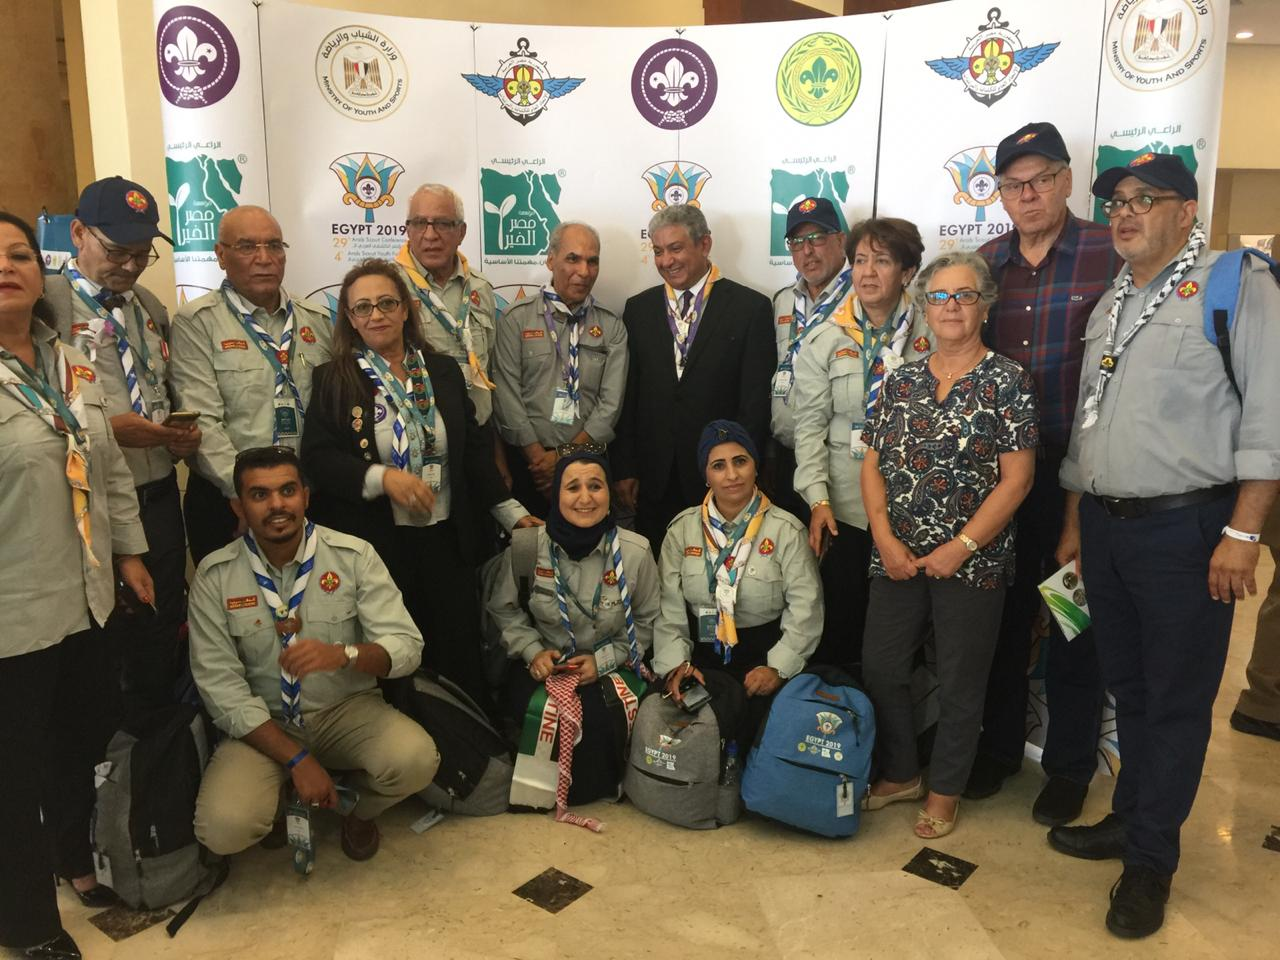 المغرب يشارك في المؤتمر الكشفي العربي29 بشرم الشيخ
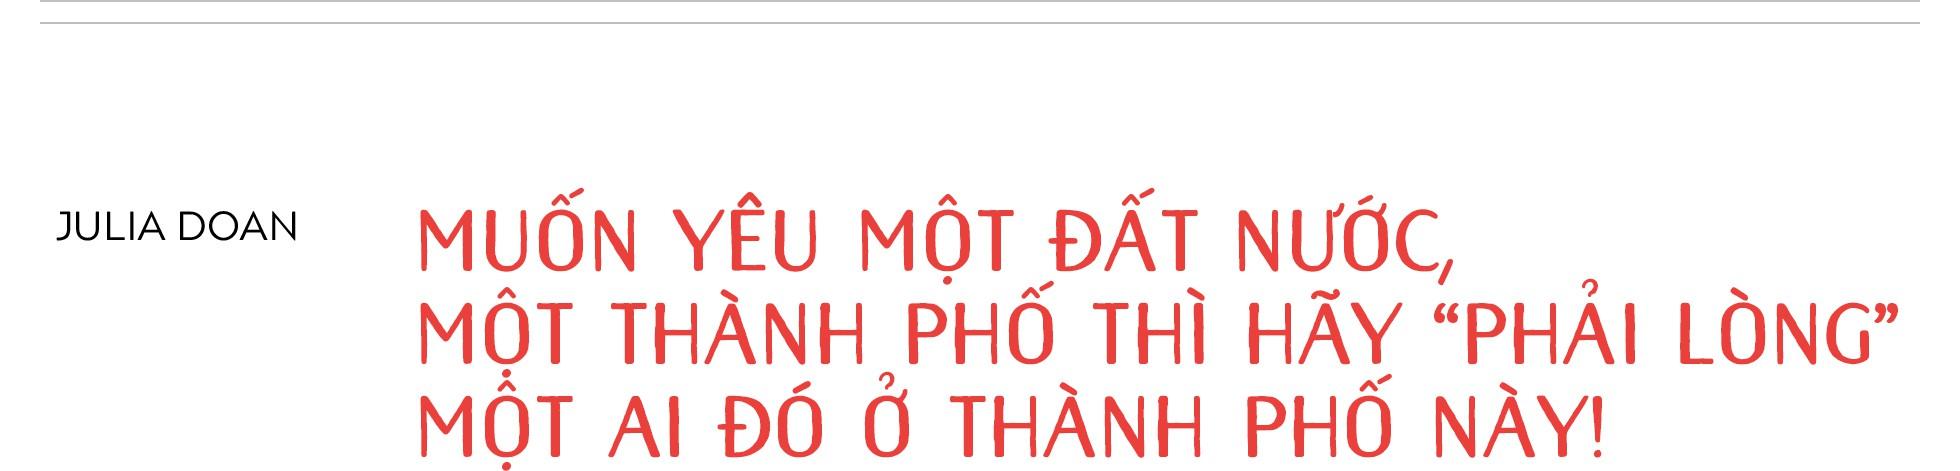 """""""Người quen xa lạ"""" ăn Tết Việt: Chuyến đi tìm về hương vị thịt mỡ dưa hành hay chạm đến gốc rễ của câu hỏi tôi là ai? - Ảnh 18."""
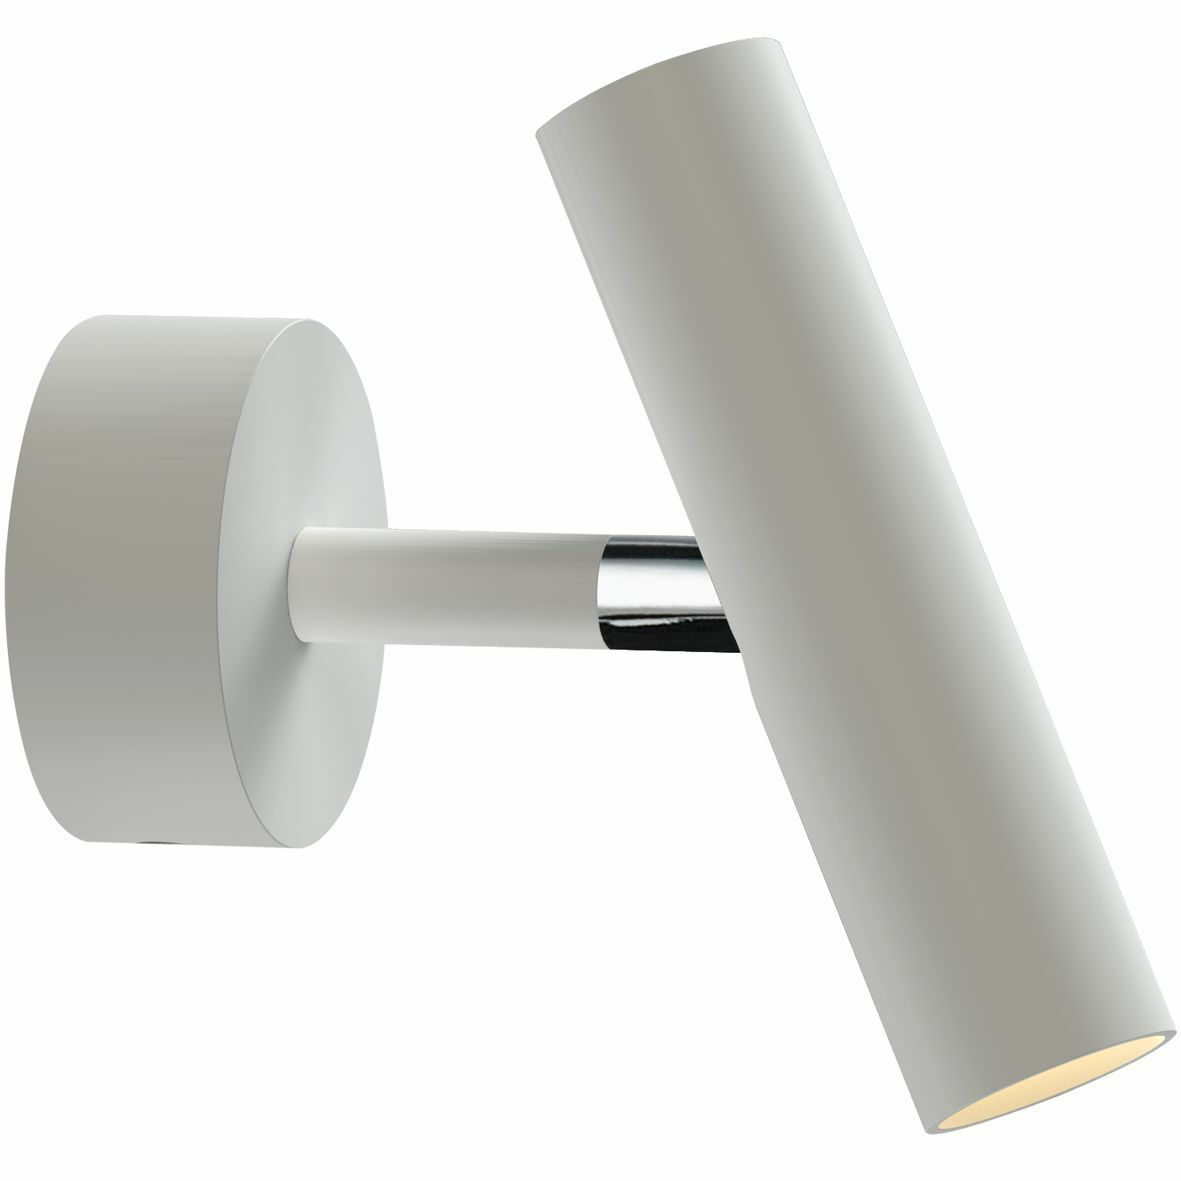 miglior prezzo migliore Muro LED Lampada da soffitto MIB 3 3 3 Nordlux BIANCO 3w Lampada Parete Plafoniera Caldo  più ordine
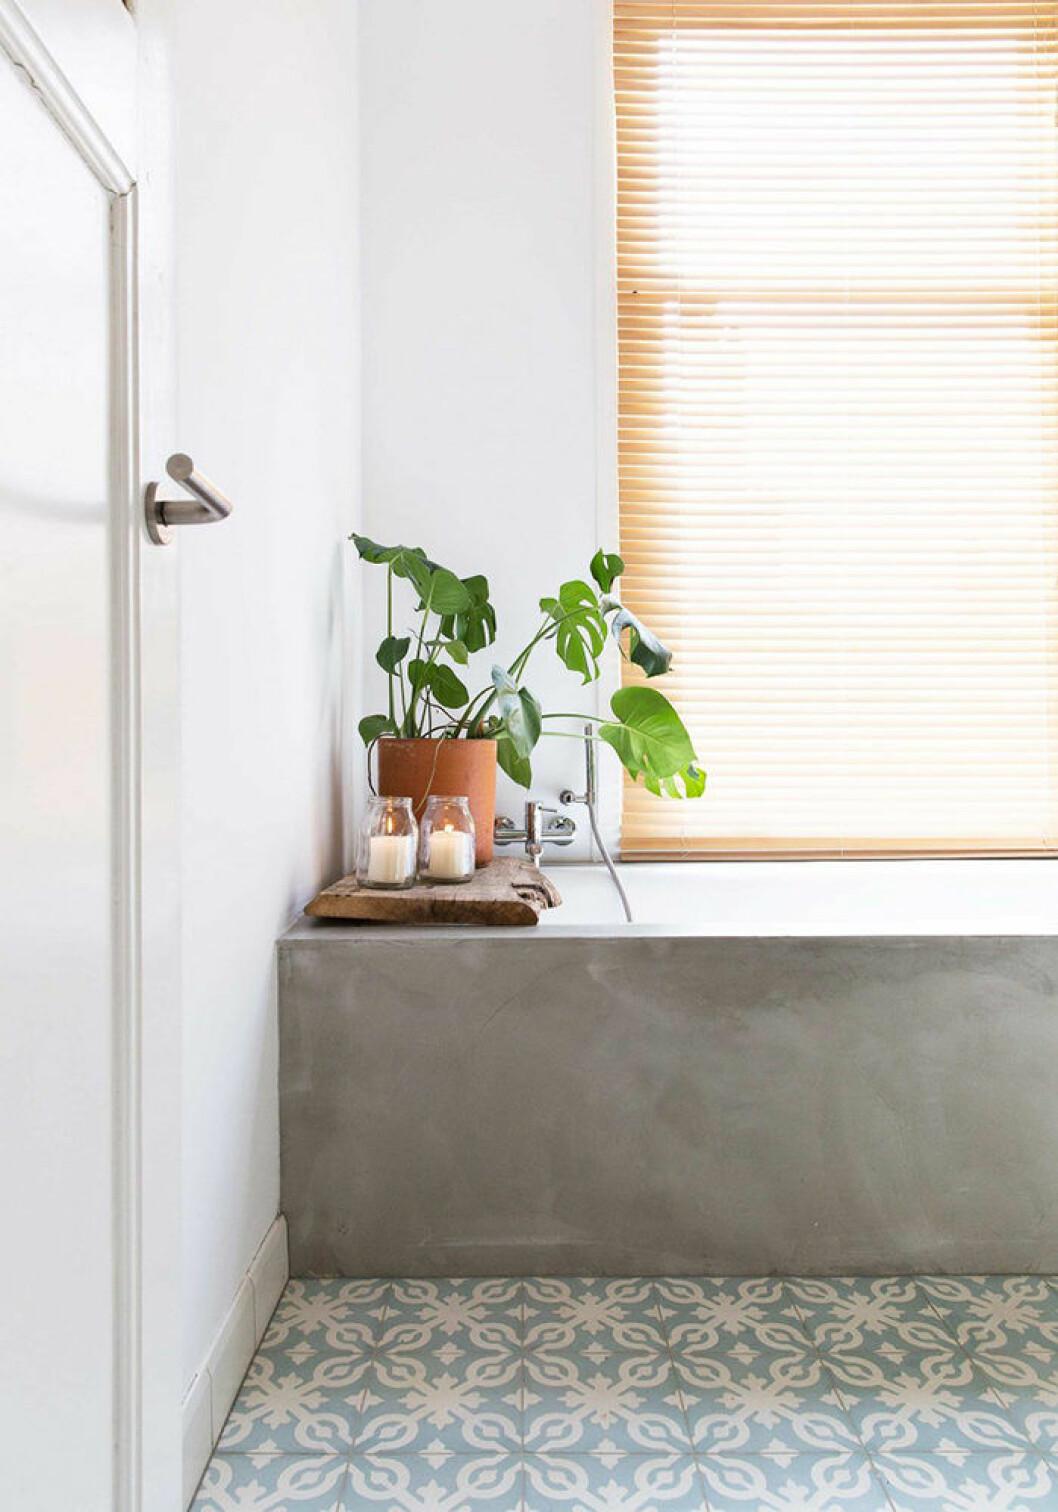 Ställ en växt vid badkaret.
※ ※ ※
### What you will do
The result should be every line of the data, reproduced exactly, with the images removed.

### Written solution
 المغرب يشارك في المؤتمر الكشفي العربي29 بشرم الشيخ
 """""""Người quen xa lạ"""" ăn Tết Việt: Chuyến đi tìm về hương vị thịt mỡ dưa hành hay chạm đến gốc rễ của câu hỏi tôi là ai? - Ảnh 18."""
 miglior prezzo migliore Muro LED Lampada da soffitto MIB 3 3 3 Nordlux BIANCO 3w Lampada Parete Plafoniera Caldo  più ordine
 Ställ en växt vid badkaret.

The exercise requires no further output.